2018 gibt es nur noch einen zünftigen Hornkammmacher in Österreich. Thomas Petz führt die seit 1862 in Wien bestehende Werkstatt seiner Vorfahren weiter.
www.petz-hornmanufaktur.at

Will man Kämme aus Horn anfertigen, benötigt man zunächst tierische Hörner. Jedoch Hörner von europäische Rindern sind nicht gut geeignet, da diese nicht stabil genug sind. Zur Fertigung von Kämmen benötigt man sehr große Hörner, wie zum Beispiel von Rindern aus Indien, Südafrika und Brasilien. Diese müssen dann aufgesägt, zu Platten gepresst und so mindestens drei Monate getrocknet und gehärtet werden.
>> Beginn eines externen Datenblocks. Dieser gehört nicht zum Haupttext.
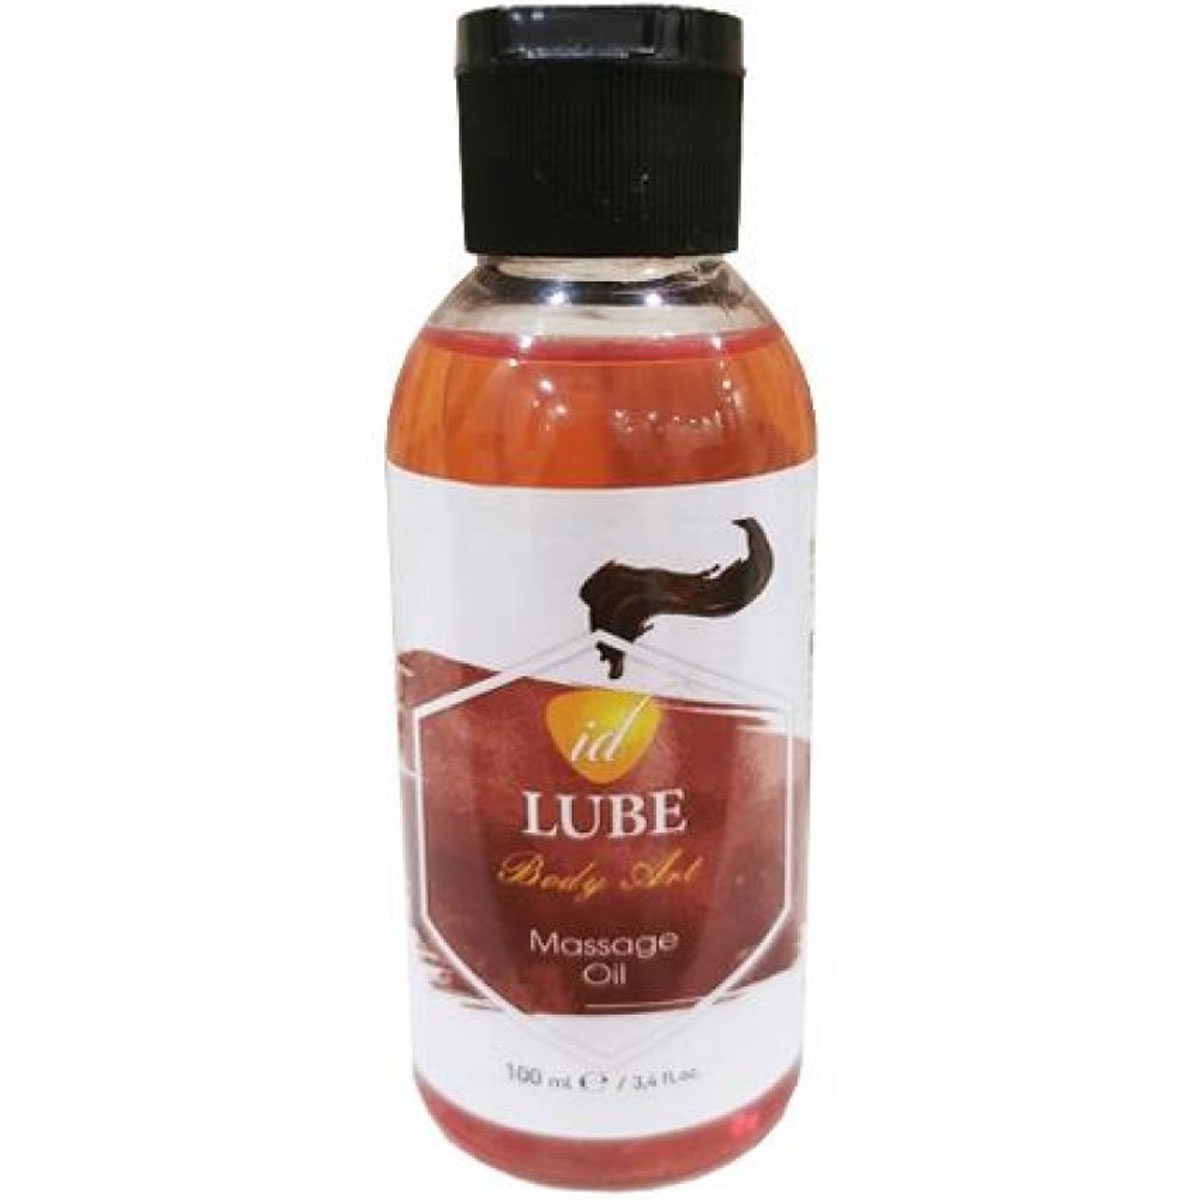 ID Lube Body Art Massage Oil ikolatali Erotik Masaj Yagi 100 ml C-5088

Aus den ausgehärteten Hornplatten können dann die Kämme oder auch andere Objekte, wie zum Beispiel Schuhanzieher, hergestellt werden. Im über 100°C heißen Ölbad werden die Rohlinge gebogen. In der Kammschneidemaschine werden die Zähne geschnitten, welche aber anschließend noch von Hand mit einer Schleifscheibe bearbeitet werden müssen, damit ja kein Grat zurück bleibt, denn Horn ist ein sehr hartes Material und muss deshalb sehr gut verarbeitet werden, damit man sich beim Kämmen nicht die Kopfhaut oder Haare verletzt. Zu guter Letzt wird der Kamm geschliffen und poliert, so dass das Unikat seine einzigartige Maserung zeigt.